Protease Inhibitors to Reduce Malaria Morbidity in HIV-Infected Pregnant Women

Status:
Completed

Trial end date:
2013-07-01

Target enrollment:
0

Participant gender:
Female

Summary

This study is an open-label, single site, randomized controlled trial comparing protease inhibitor (PI)-based antiretroviral therapy (ART) to non-PI based ART for HIV-infected pregnant and breastfeeding women of all CD4 cell counts at high risk of malaria. The study is designed to test the hypothesis that pregnant women receiving a PI-based ART regimen will have lower risk of placental malaria compared to pregnant women receiving a non-PI based ART regimen. The primary study endpoint of the study is placental malaria. This study also enrolls the infants of these women at the time of delivery.

Phase:

Phase 3

Accepts Healthy Volunteers?

Details

Lead Sponsor:

University of California, San Francisco

Collaborator:

Eunice Kennedy Shriver National Institute of Child Health and Human Development (NICHD)

Treatments:

Efavirenz
HIV Protease Inhibitors
Lamivudine
Lopinavir
Protease Inhibitors
Ritonavir
Zidovudine

Criteria

Inclusion Criteria:

1. Age > 16 years (if <18 years old, living independently from parents)

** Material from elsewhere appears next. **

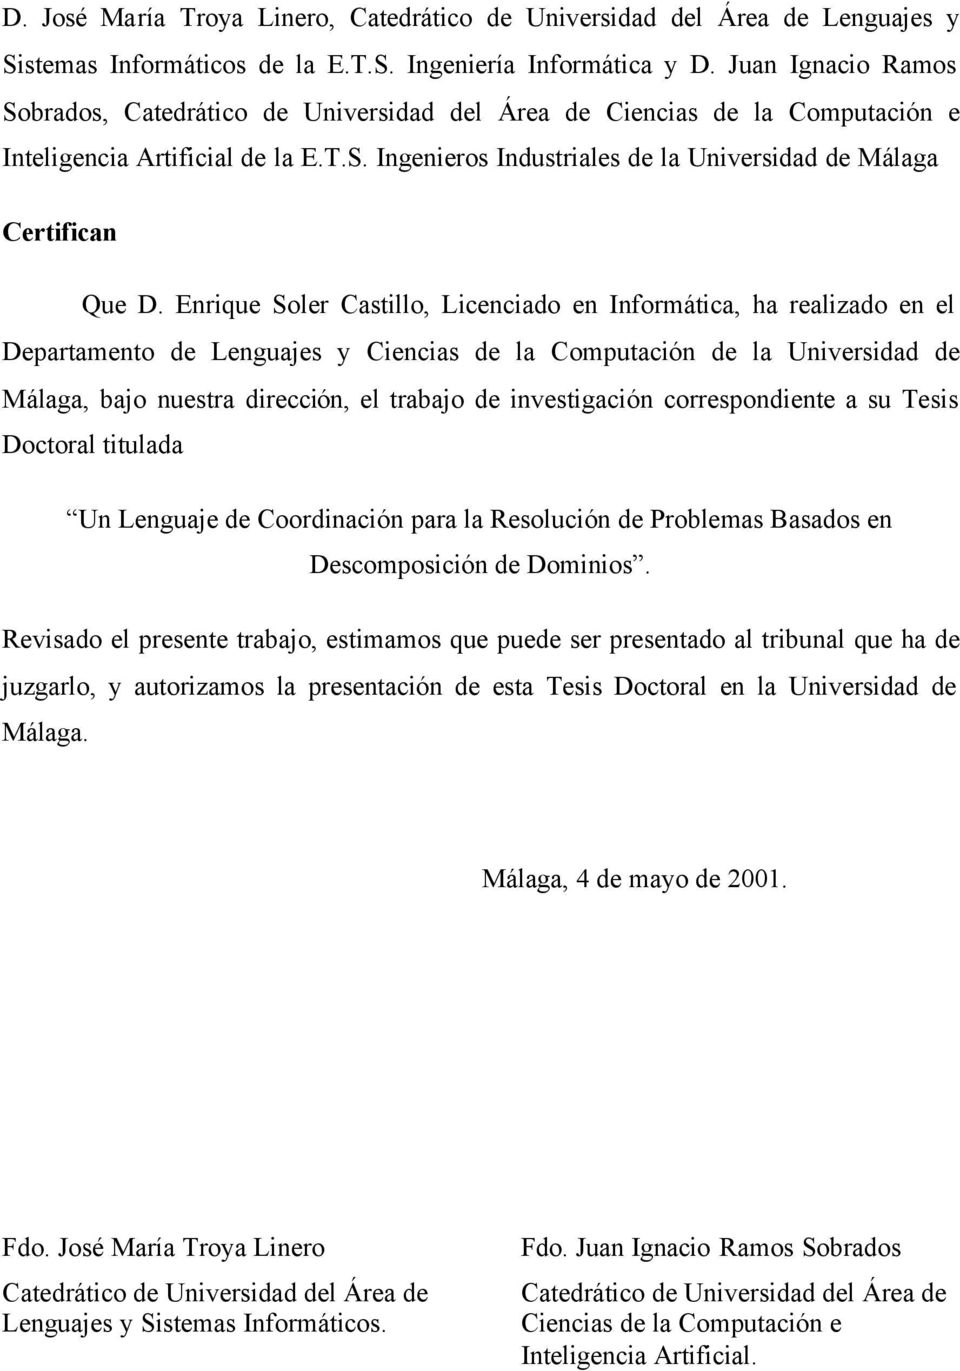 Enrique Soler Castillo, Licenciado en Informática, ha realizado en el Departamento de Lenguajes y Ciencias de la Computación de la Universidad de Málaga, bajo nuestra dirección, el trabajo de
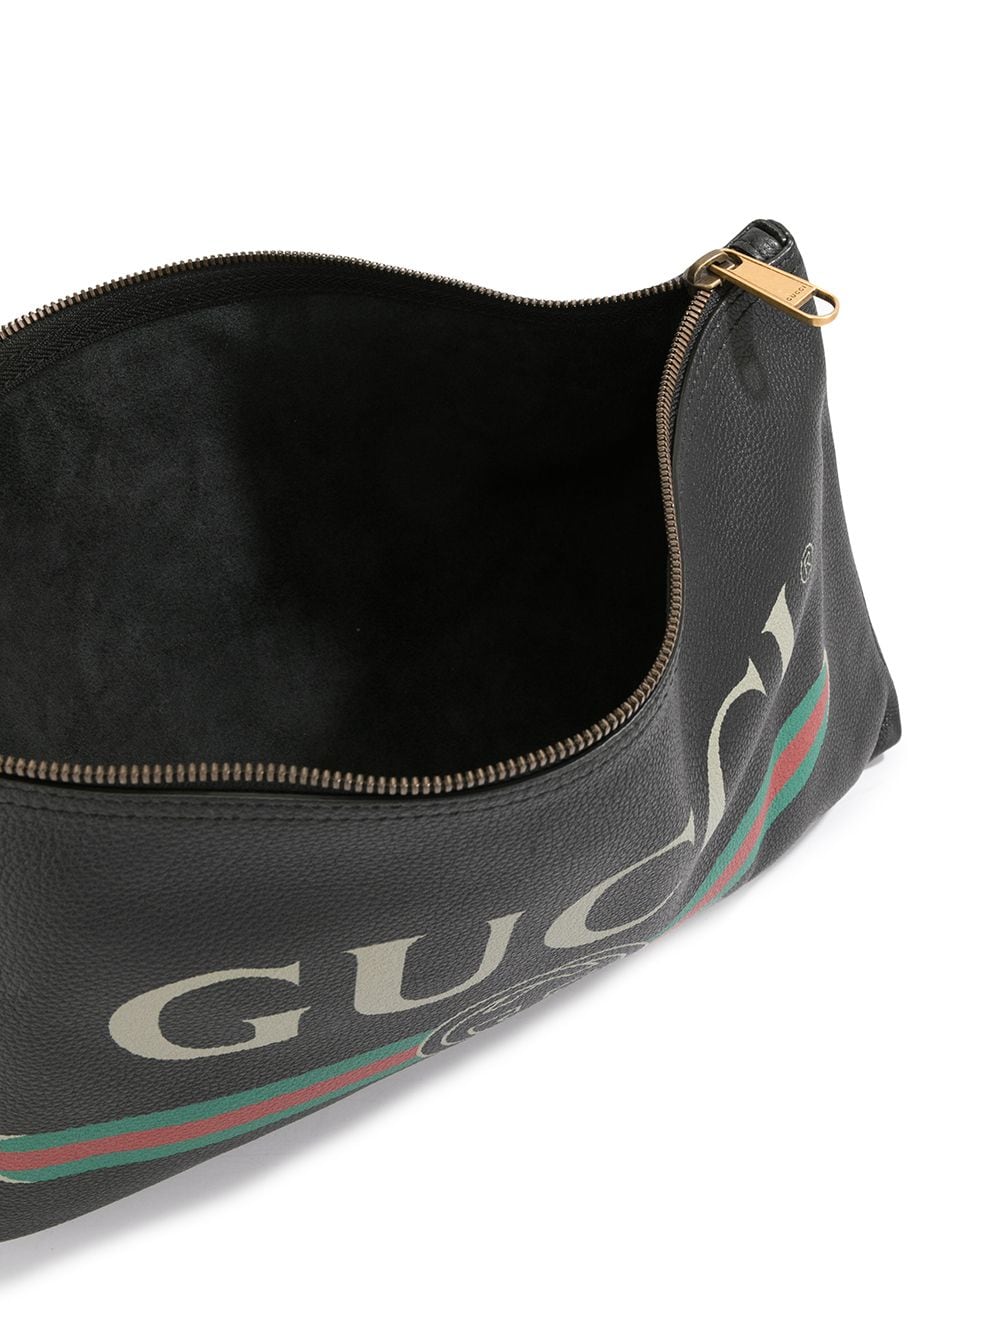 фото Gucci pre-owned клатч с логотипом gg и отделкой web

2. Documentation of HIV status must come from two assays. Assays include DNA PCR, HIV
RNA, Western blot, or rapid HIV antibody test

3. Confirmed pregnancy by positive serum or urine pregnancy test or ultrasound

4. Estimated gestational age between 12 and 28 weeks (based on first day of last
menstrual period with physical exam confirmation and ultrasound confirmation) at time
of enrollment

5. Residency within 30 km of the study site

6. Willing to provide informed consent

Exclusion Criteria:

1. Current or prior use of HAART

2. Exposure to single-dose NVP (alone or with zidovudine or zidovudine/lamivudine or
other abbreviated monotherapy or dual therapy for PMTCT) less than 24 months prior to
enrollment

3. Prior dose-limited toxicity to TS within 14 days of study enrollment

4. Receipt of any contraindicated medications within 14 days of study enrollment (See
Appendix III.)

5. Active tuberculosis or other WHO Stage 4 diseases

6. Screening laboratory values:

1. Hemoglobin: <7.5 g/dL (Note: Women found to have a hemoglobin <7.5 at screening
may receive iron and folic acid and/or a blood transfusion at the physician's
discretion. If a repeat hemoglobin is ≥7.5 g/dL, the woman may be considered for
study inclusion.)

2. Absolute neutrophil count (ANC): <750/mm3

3. Platelet count: <50,000/mm3

4. ALT: >225 U/L (>5.0x ULN)

5. AST: >225 U/L (>5.0x ULN)

6. Bilirubin (total): > 2.5x ULN

7. Creatinine: > 1.8x ULN

7. Known cardiac conduction abnormalities or structural heart defect

NOTE: A woman will be excluded from study participation during the current pregnancy if she
goes into labor, experiences ruptured membranes or develops active tuberculosis or a WHO
stage 4 condition following study enrollment but prior to study drug initiation.